Le reportage de Denis Lapierre

Une entente conclue mercredi soir met fin aux procédures judiciaires en diffamation amorcées par le Camping Jonquière et son directeur général contre l'ex-conseillère municipale Christine Boivin.

Un texte de Denis Lapierre

Dans une déclaration soumise au tribunal, le Camping Jonquière reconnaît que Mme Boivin ne faisait que son travail d'élue lorsqu'elle a réclamé les états financiers de l'organisme et que la poursuite n'avait pas lieu d'être.

En contrepartie, Christine Boivin abandonne la poursuite en procédures abusives. Pour elle, ce dénouement, qui intervient près de deux ans après le dépôt de la poursuite, met un terme à une période difficile qui a en quelque sorte mis fin à son expérience d'élue municipale puisqu’elle a décidé de ne pas se représenter à l'élection de dimanche.

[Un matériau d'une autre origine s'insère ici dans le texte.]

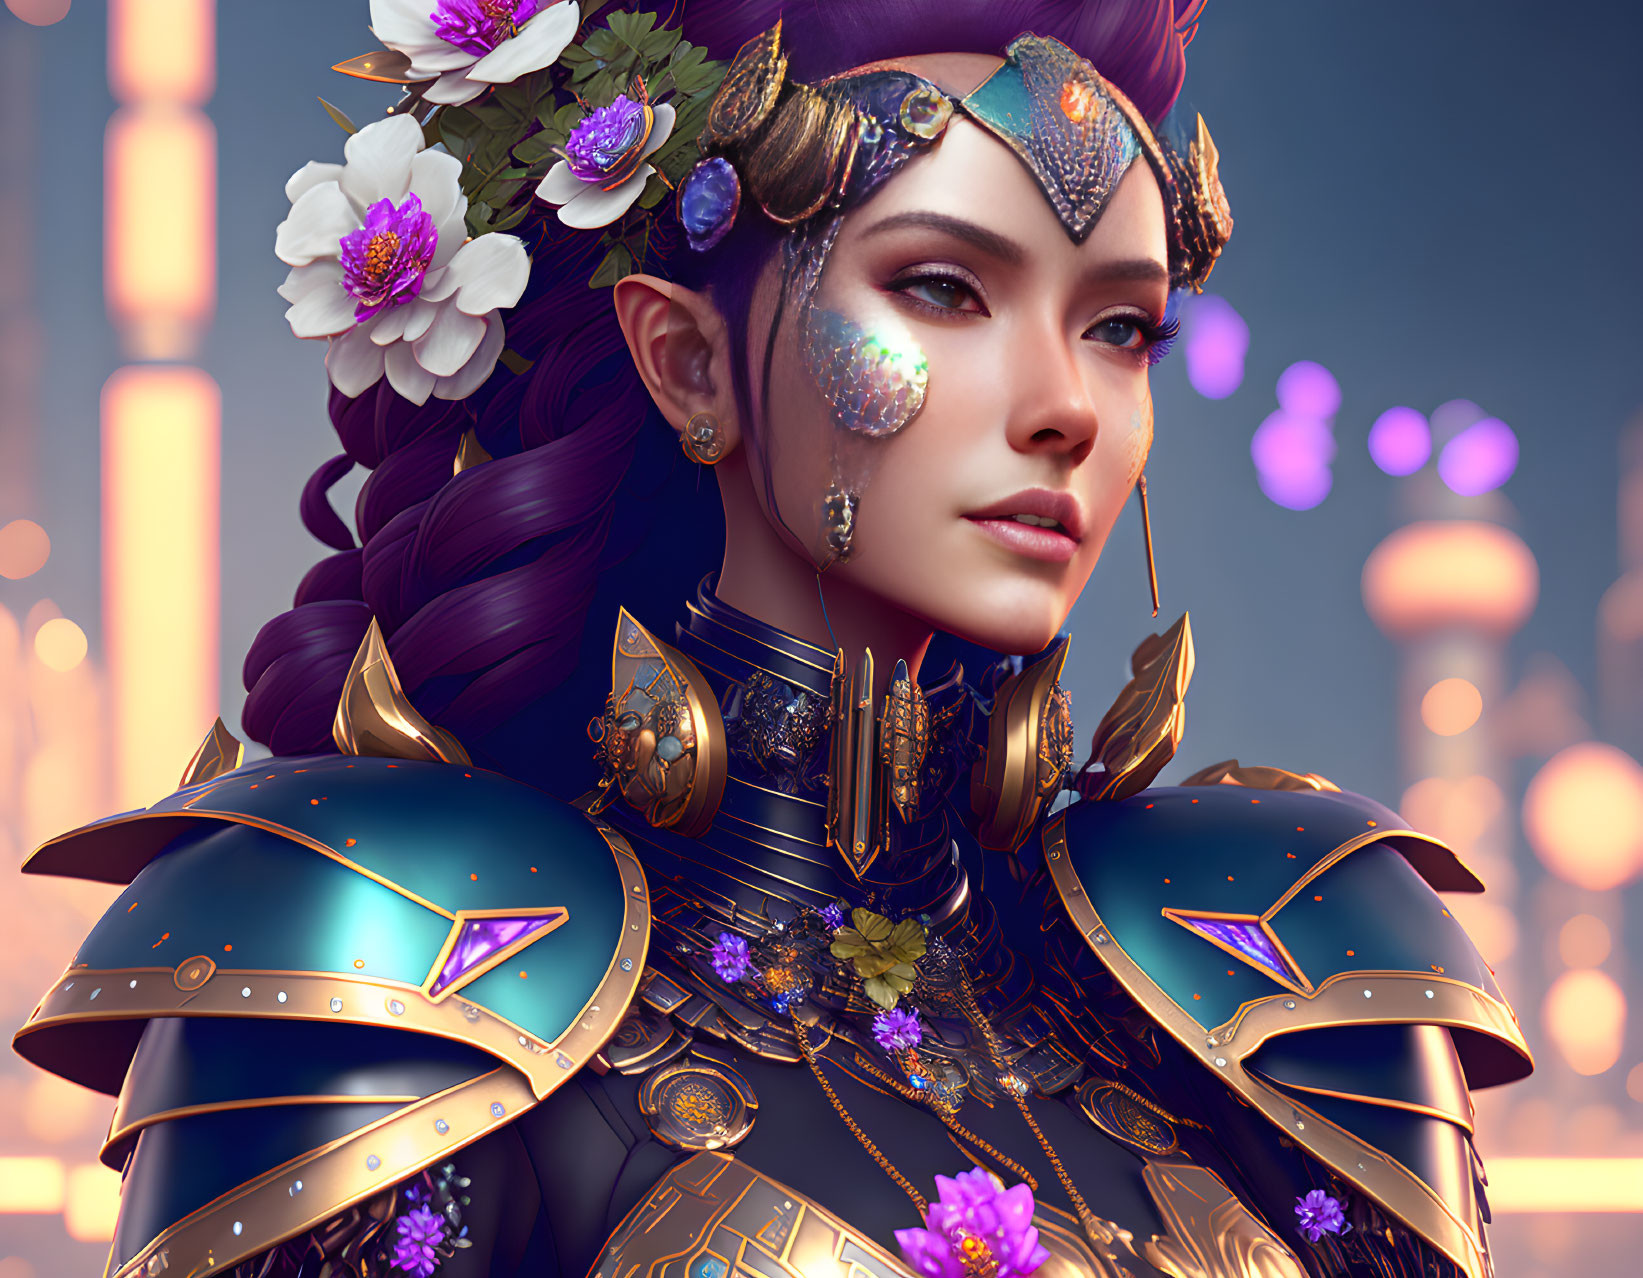 Digital portrait of woman in fantasy armor with elf-like ears & purple gemstones

Il n’y a pas de mal à poser des questions, à demander des documents pour prendre une saine décision. Je suis très contente. Ils ont reconnu que j’ai fait simplement mon travail d’élue à Saguenay.

Christine Boivin, ex-conseillère municipale

Les deux parties se sont présentées au palais de justice de Chicoutimi jeudi afin de terminer les procédures.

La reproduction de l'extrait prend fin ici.